Records from a data collection:

---*---

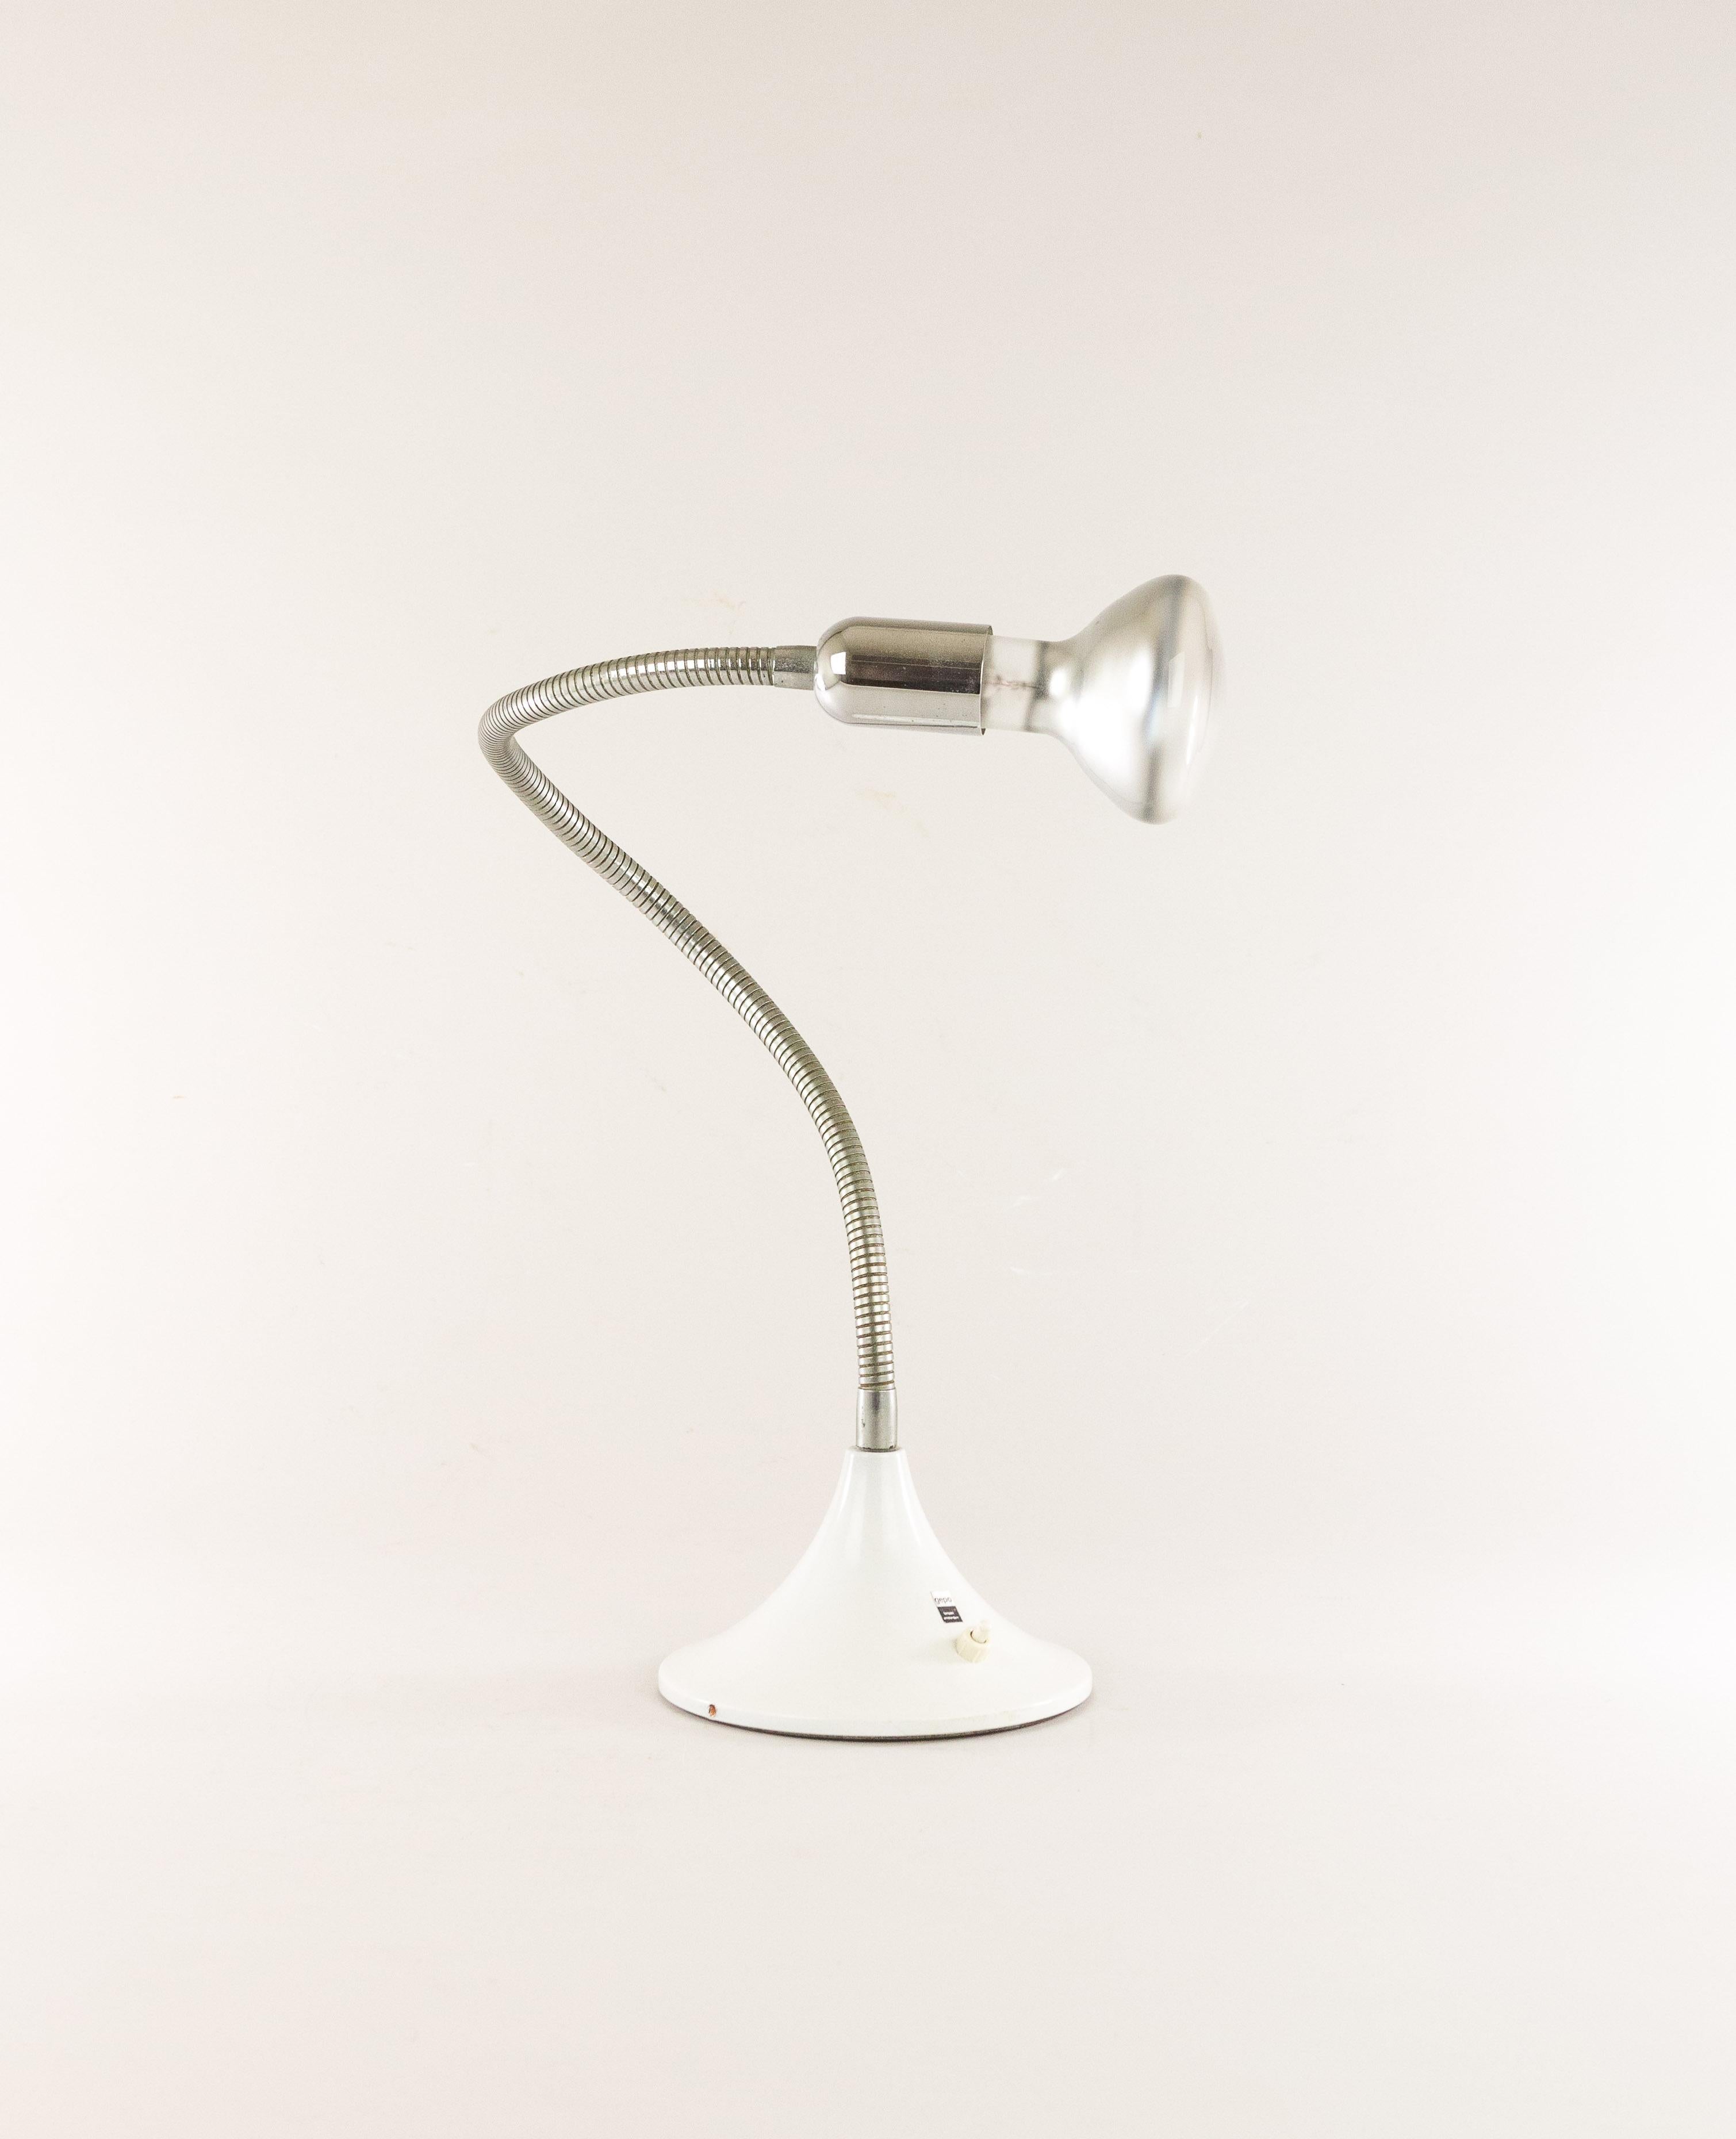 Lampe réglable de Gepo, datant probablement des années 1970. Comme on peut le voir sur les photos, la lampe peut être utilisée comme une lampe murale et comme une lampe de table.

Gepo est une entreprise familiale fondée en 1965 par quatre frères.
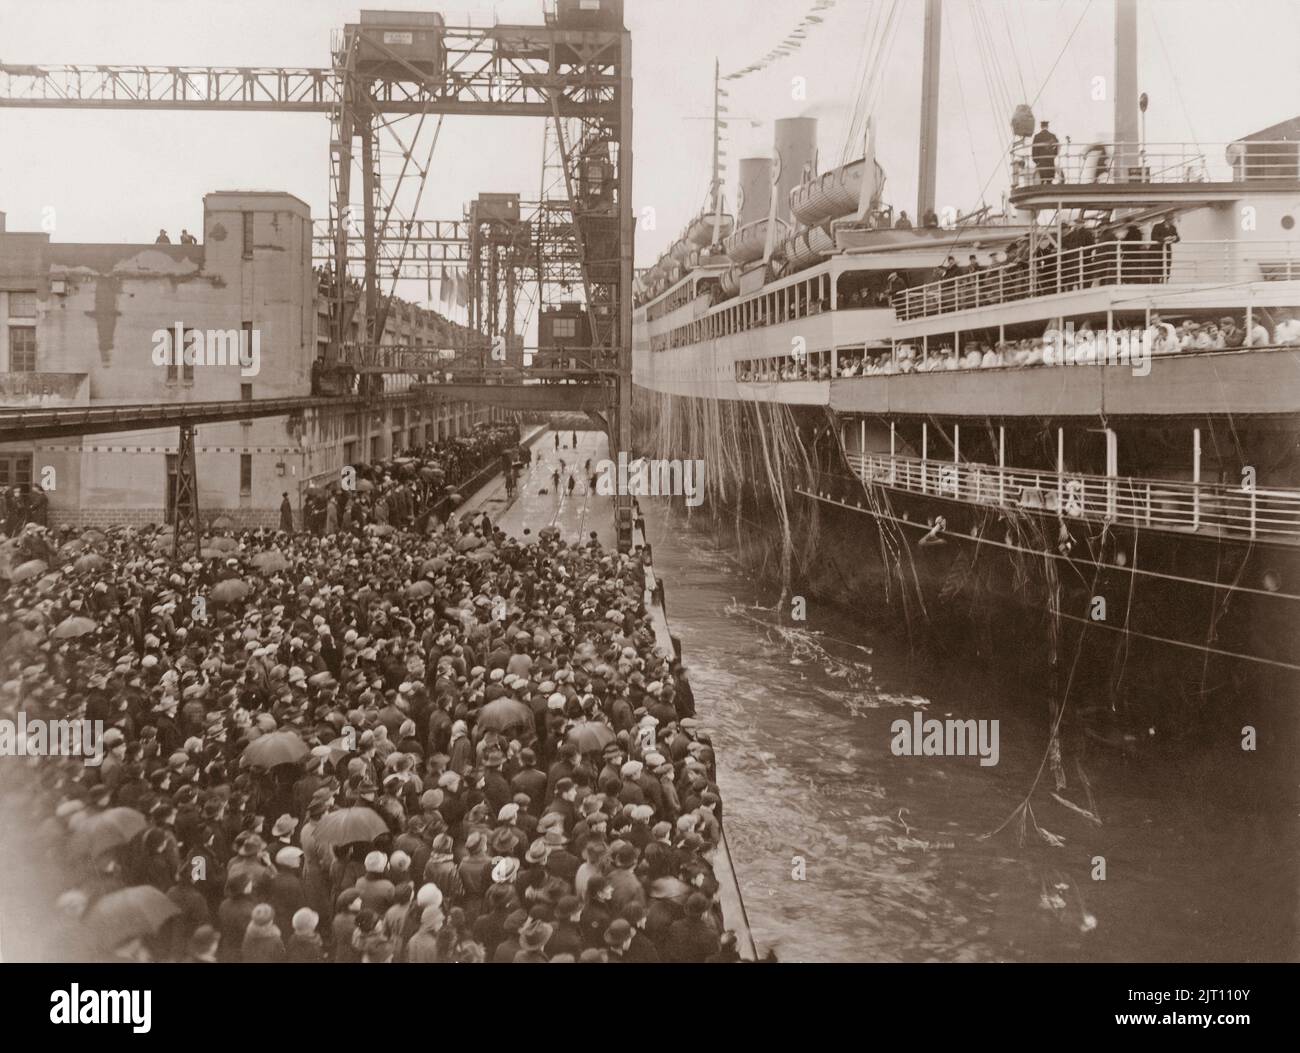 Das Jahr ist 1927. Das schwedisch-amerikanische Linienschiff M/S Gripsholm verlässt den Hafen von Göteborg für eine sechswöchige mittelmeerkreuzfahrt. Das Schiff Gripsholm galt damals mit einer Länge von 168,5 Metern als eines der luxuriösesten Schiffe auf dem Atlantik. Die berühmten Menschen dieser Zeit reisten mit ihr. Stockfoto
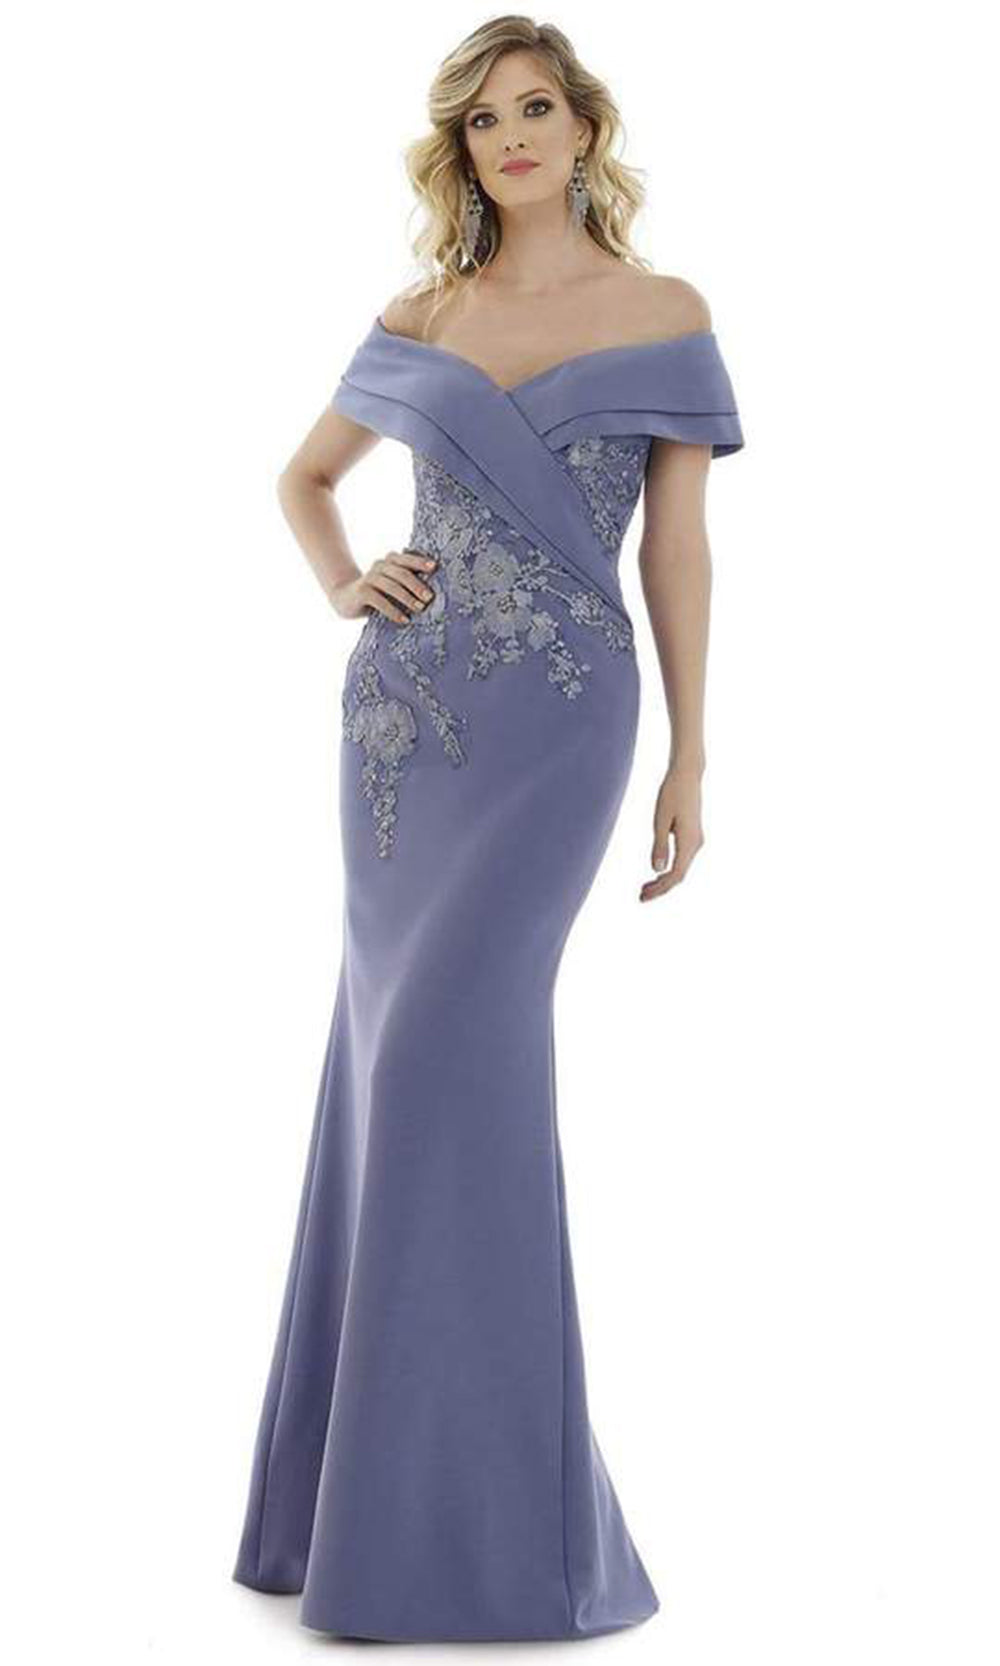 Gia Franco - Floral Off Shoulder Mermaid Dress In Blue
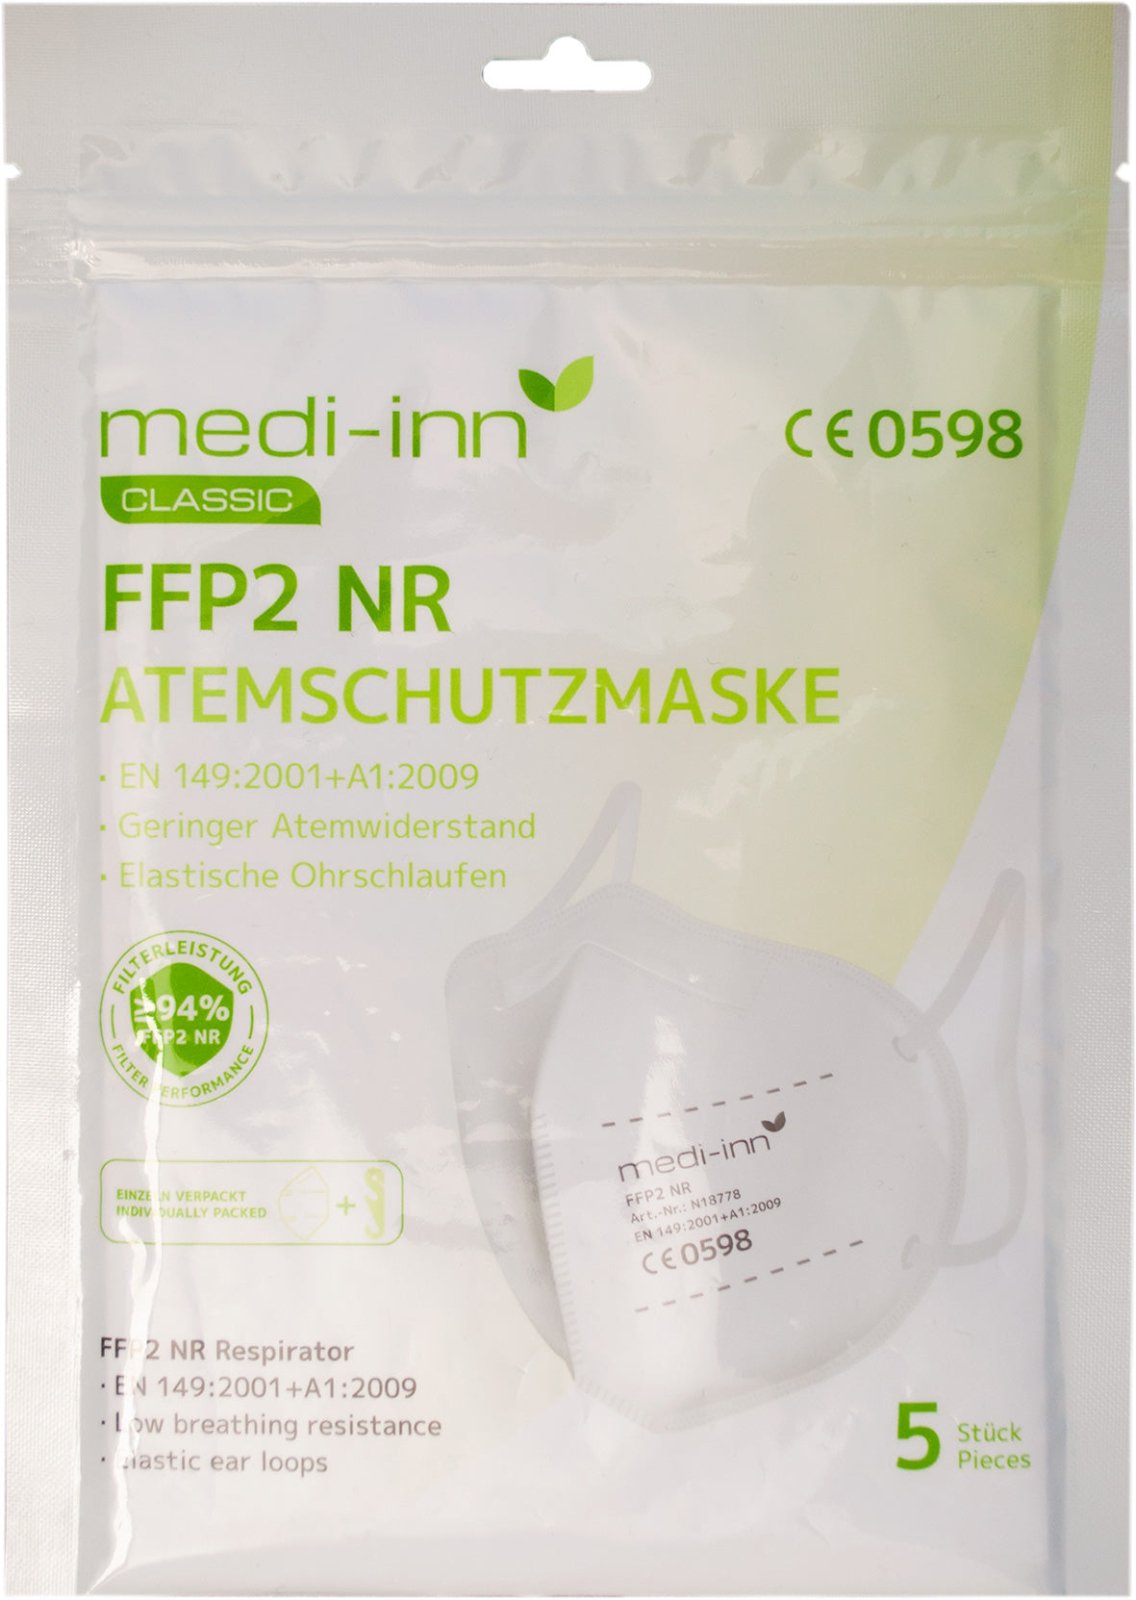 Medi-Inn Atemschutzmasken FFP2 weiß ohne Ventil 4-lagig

---*---

*YOUR GOAL*: A verbatim copy of the data, free of pictures, is the expected answer.

*FINISHED TASK*:
 Lampe réglable de Gepo, datant probablement des années 1970. Comme on peut le voir sur les photos, la lampe peut être utilisée comme une lampe murale et comme une lampe de table.

Gepo est une entreprise familiale fondée en 1965 par quatre frères.
 Das Jahr ist 1927. Das schwedisch-amerikanische Linienschiff M/S Gripsholm verlässt den Hafen von Göteborg für eine sechswöchige mittelmeerkreuzfahrt. Das Schiff Gripsholm galt damals mit einer Länge von 168,5 Metern als eines der luxuriösesten Schiffe auf dem Atlantik. Die berühmten Menschen dieser Zeit reisten mit ihr. Stockfoto
 Gia Franco - Floral Off Shoulder Mermaid Dress In Blue
 Medi-Inn Atemschutzmasken FFP2 weiß ohne Ventil 4-lagig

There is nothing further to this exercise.